Happy, too, but there was a definite sprinkling of sadness in my day. (Truth – as I walked away from my children’s school I was crying.)
For the past 16 months I have had my children surrounding me for most hours of most days. From the time we left for Ethiopia in May of 2012, my days have revolved around meeting my children’s needs. And while there were times I felt overwhelmed, and frazzled, and yes, maybe even a bit frustrated by it all; while there were times when I needed everyone to stop talking at me for JUST 5 MINUTES; while there were times when the word “Mommy” ceased to be sweet nectar to my ears and instead resembled a sound track of impending doom; and yes, there were even times when I hid in the pantry so that the little people who had invaded my house could not find me; in all honesty – I loved it.
Yes, that is right, I love being a full-time mother to my 6 children.
I realize now that God built me for this role. He hard-wired into my being all of the necessary character traits for the job that He had planned for me. (Except for patience. He was a little skimpy on that one. I could have used an extra measure or two.)
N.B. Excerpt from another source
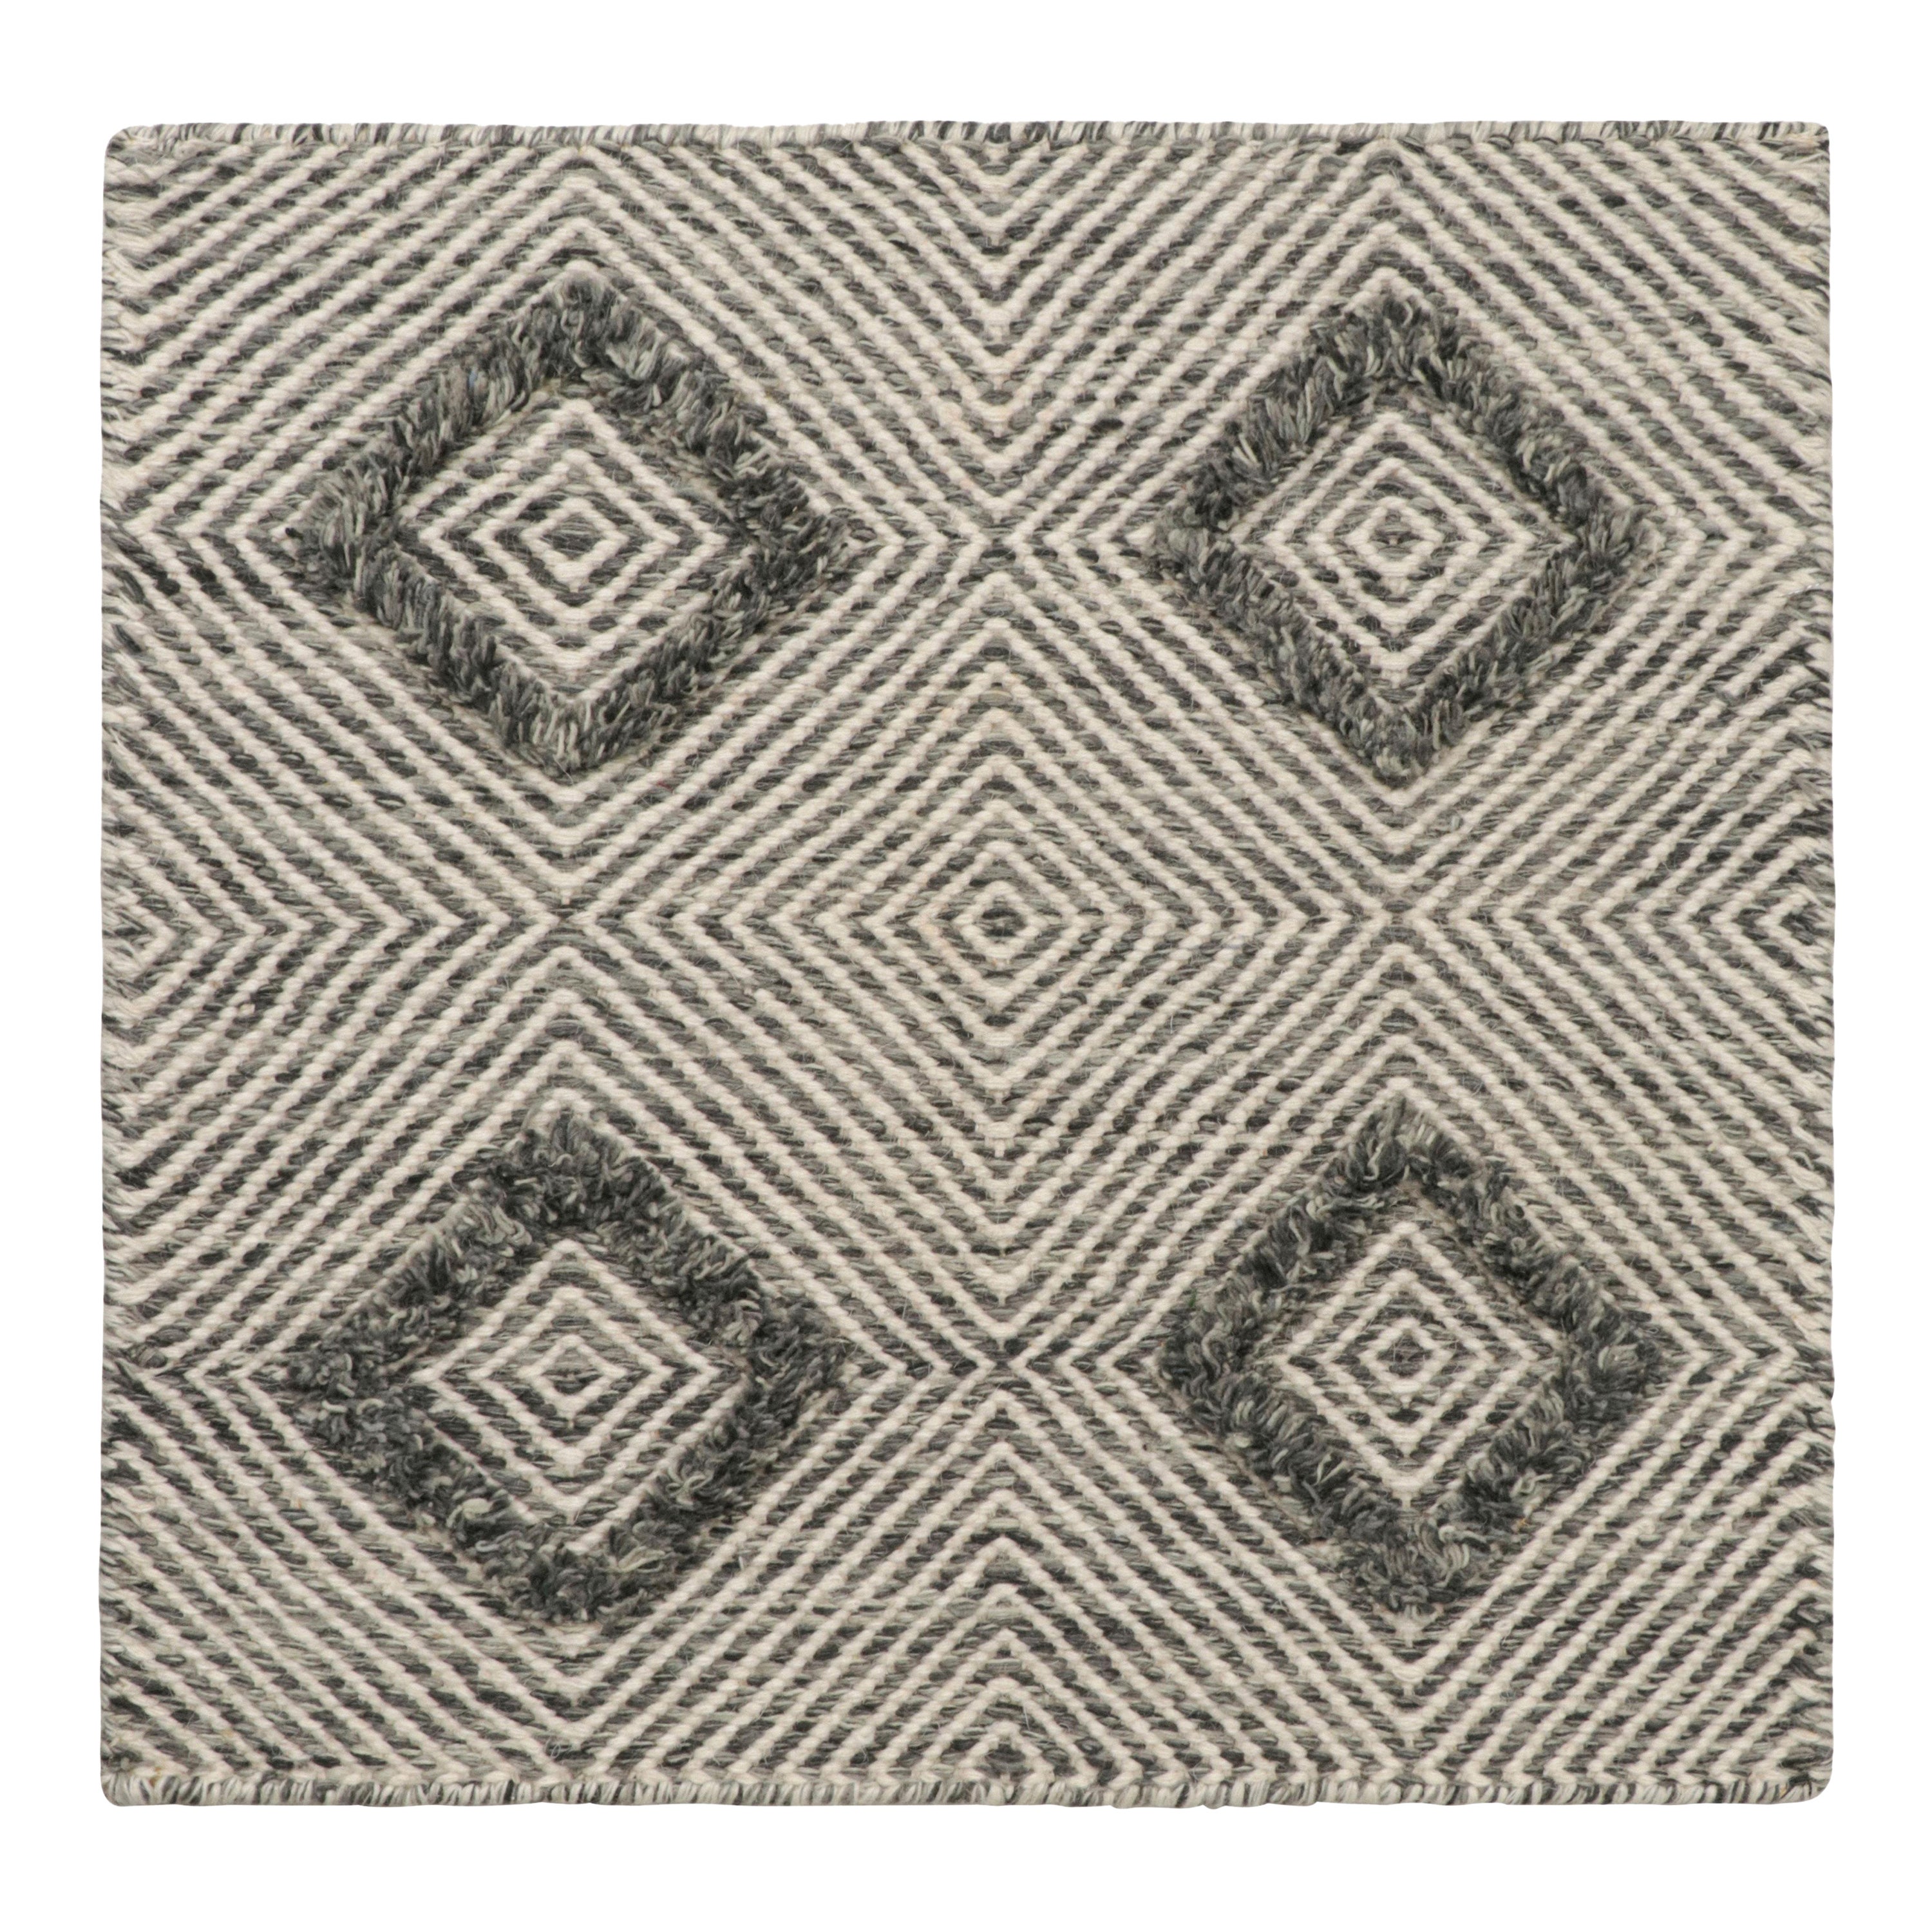 Rug & Kilim’s Contemporary Scatter Rug with White and Gray Geometric Patterns For Sale

I thrive on organizing this large family. I enjoy looking at my calendar and seeing the days and the hours filled with little people’s plans. I find satisfaction in the meal planning and the delivering of hot, nutritious meals to hungry tummies. I derive some kind of sadistic pleasure out of making sure that my laundry baskets are never overflowing and marshaling the troops to complete their Saturday morning chores.
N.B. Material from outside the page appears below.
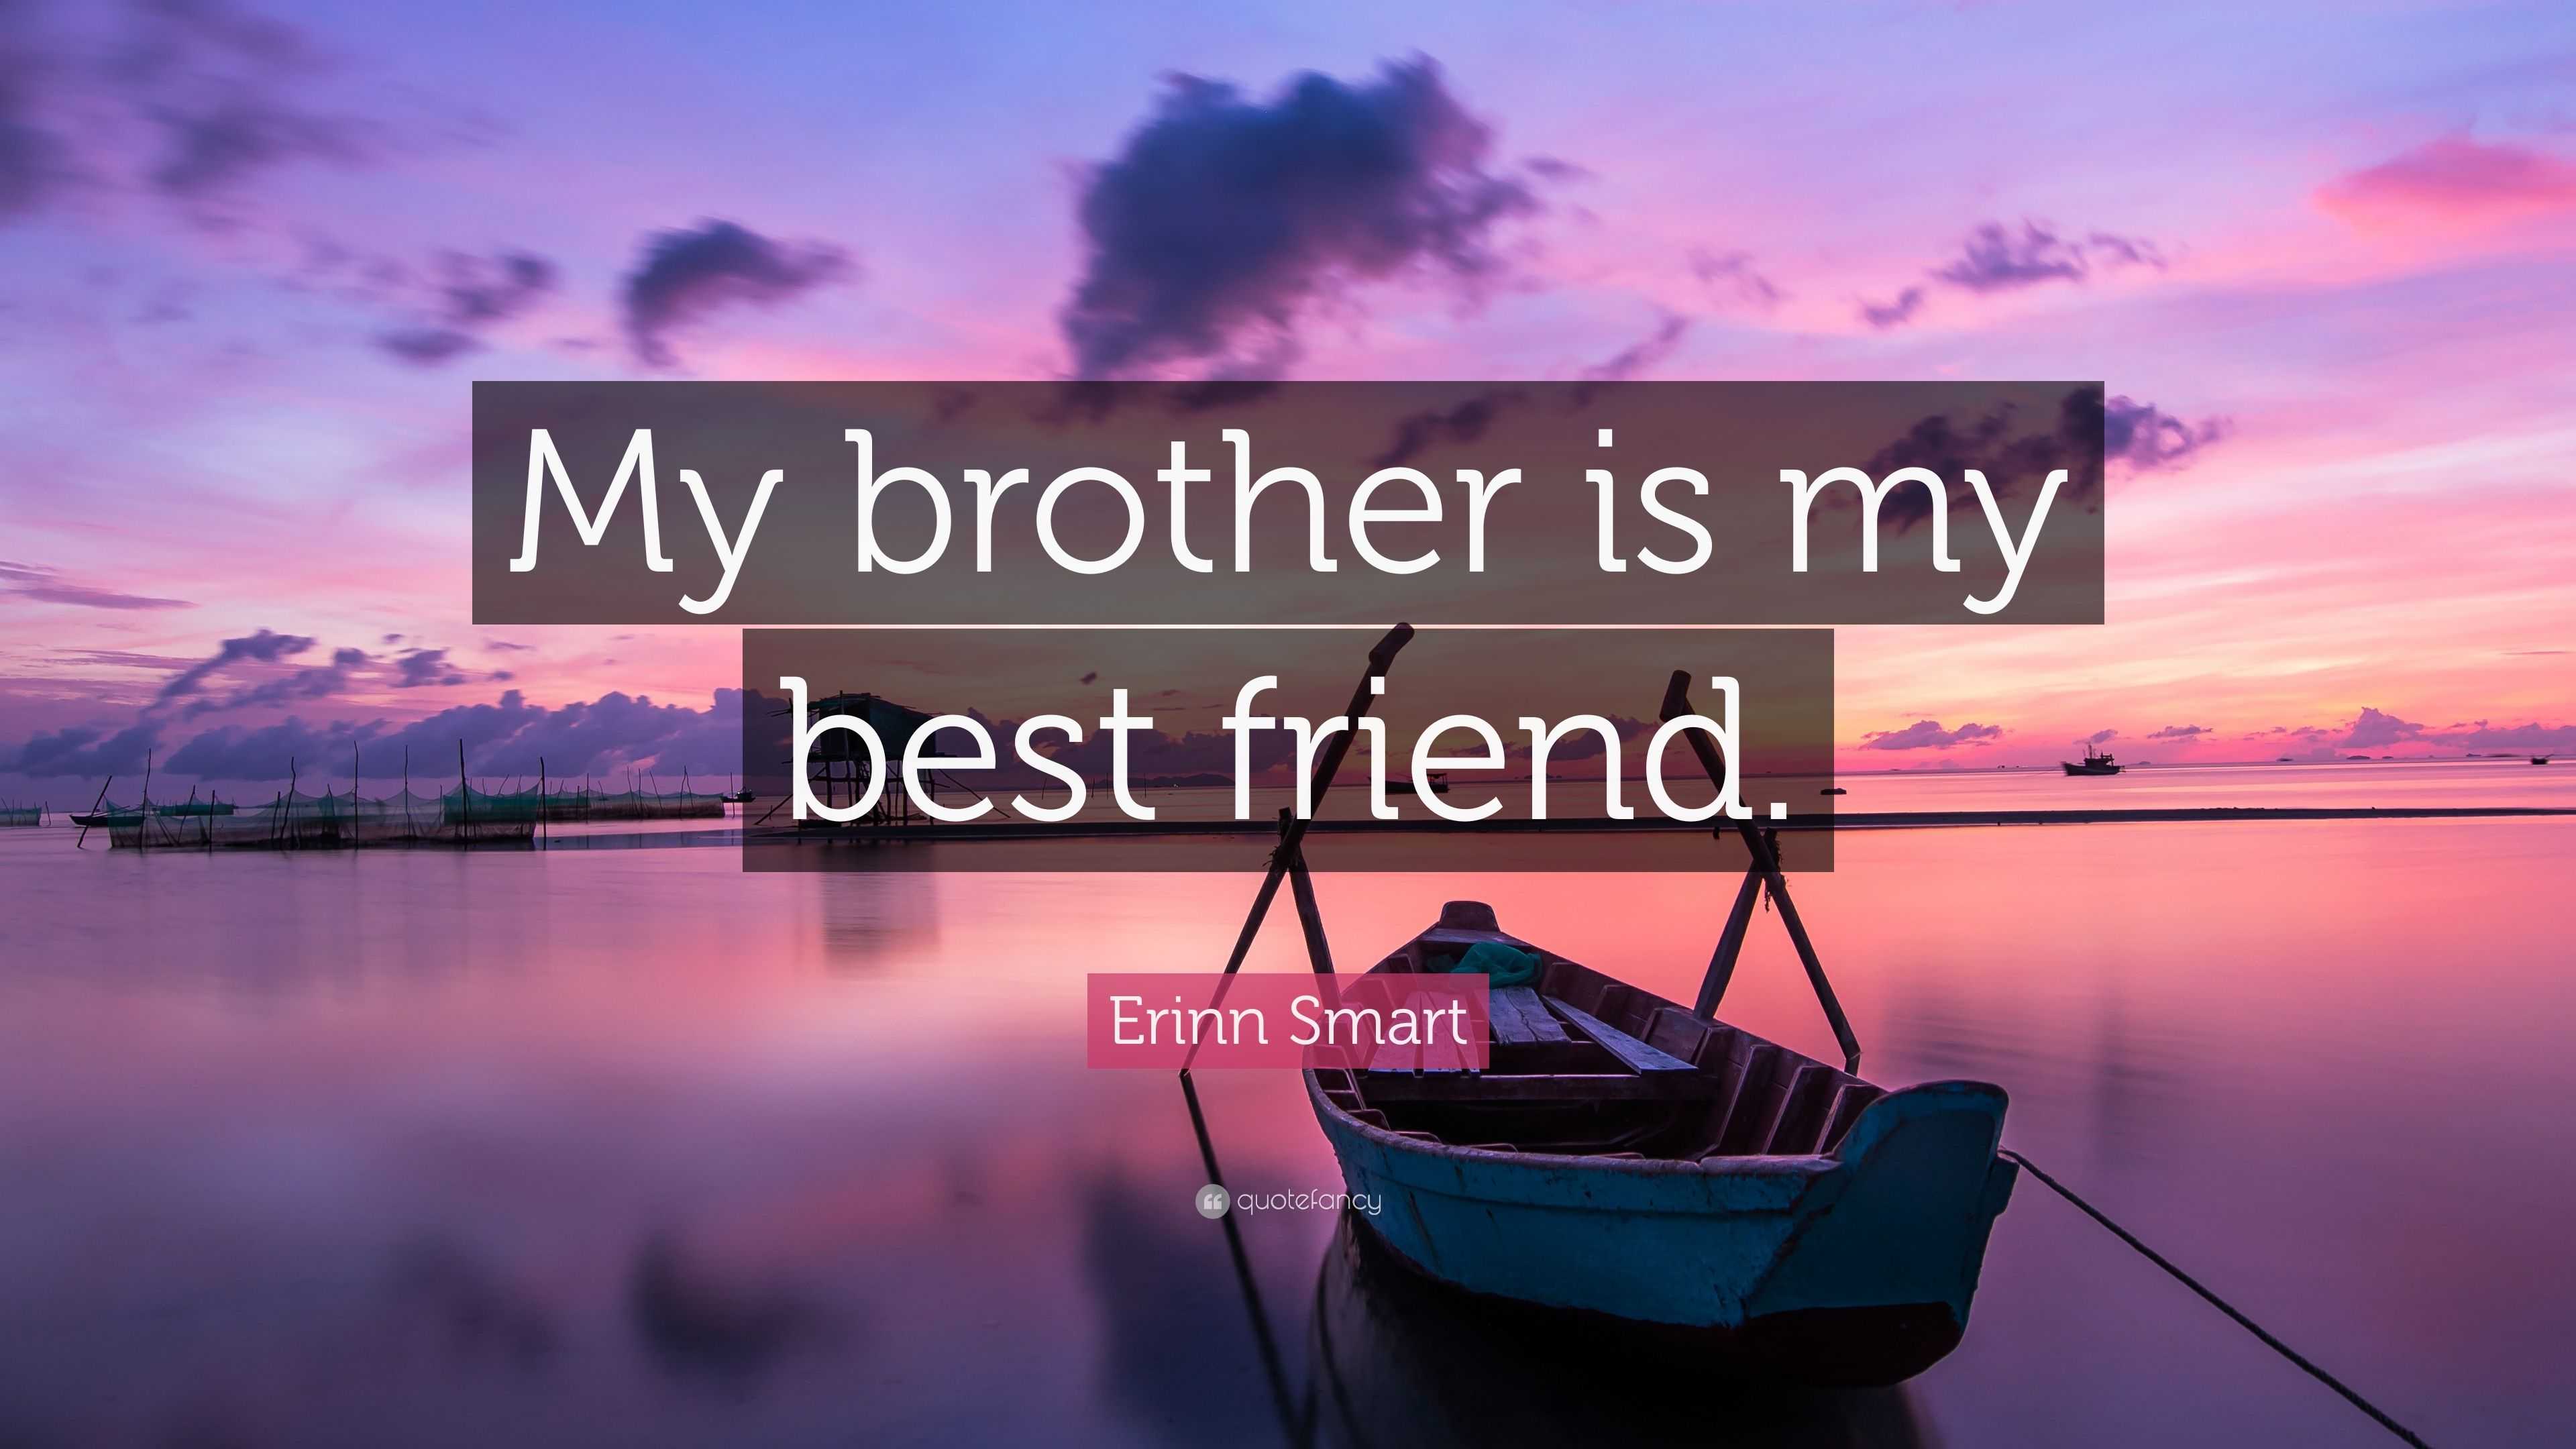 dating my best friends younger brother

No, it is not always fun or easy. But I am good at it. And I feel satisfied when my home is a safe, nurturing, loving and well-run environment.
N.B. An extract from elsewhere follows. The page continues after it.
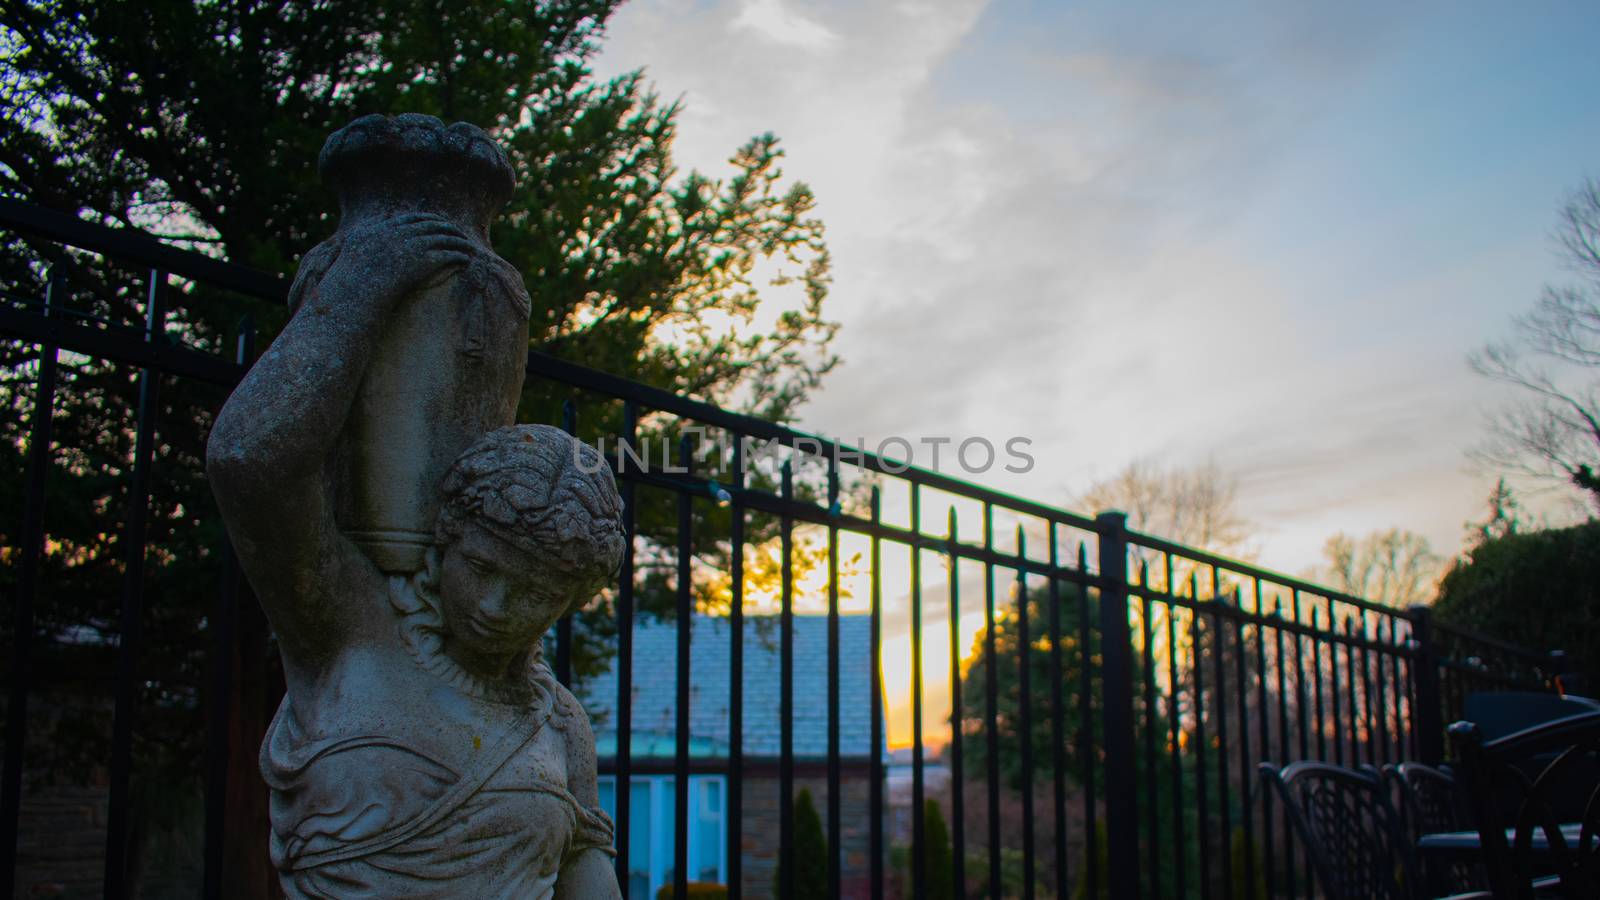 A Statue of a Woman Holding a Vase With a Fence and Sunset in the background

I read an article last week written by an empty nester. As I read her words, I felt a stab in my heart. This, this is how I feel…..
“I no longer had children to plan my days around. There were no dental appointments to make but my own, no huge loads of laundry to do, no high school games to attend, only simple meals to prepare. At the grocery store I stood behind a cheerful woman pushing a cart heaped high with boxes of cereal and yogurt pops. My sad little basket contained two chicken breasts and a lemon…..I felt like I’d just emerged from….a dream full of whirling color and activity into a place that was utterly, eerily still.”
No, I am not an empty nester yet. My children will re-invade my home at 3:00 every afternoon. I still have their homework and laundry and chores and dental appointments and dinner to make. But reading those words made me realize something.
I want to be that cheerful women with the cart heaped high with groceries. I want to live in this dream full of whirling color and activity.
And I can not say that this has always been the case. There were days, months even, when I cried out to God and asked Him if He was sure He had chosen the right woman to mother these children. I often felt a deep stabbing nostalgia for the easy yesterdays. I cast a wary eye to the future and wondered exactly what I had signed on for.
Oh, how time and love and grace can change a heart.
I am thankful for my hard job.
I will miss this when my children are grown.
And, yes, I am sure I will enjoy a few quiet hours to myself every day as my children head off to school for the first time.
Don’t feel too sorry for me, this is what I did today….
But, even while I am enjoying a bit more freedom in my schedule, I will also be missing those little people who have invaded my house. Because they have also invaded my heart. Every one of them. Even the ones who track me down when I am hiding in the pantry.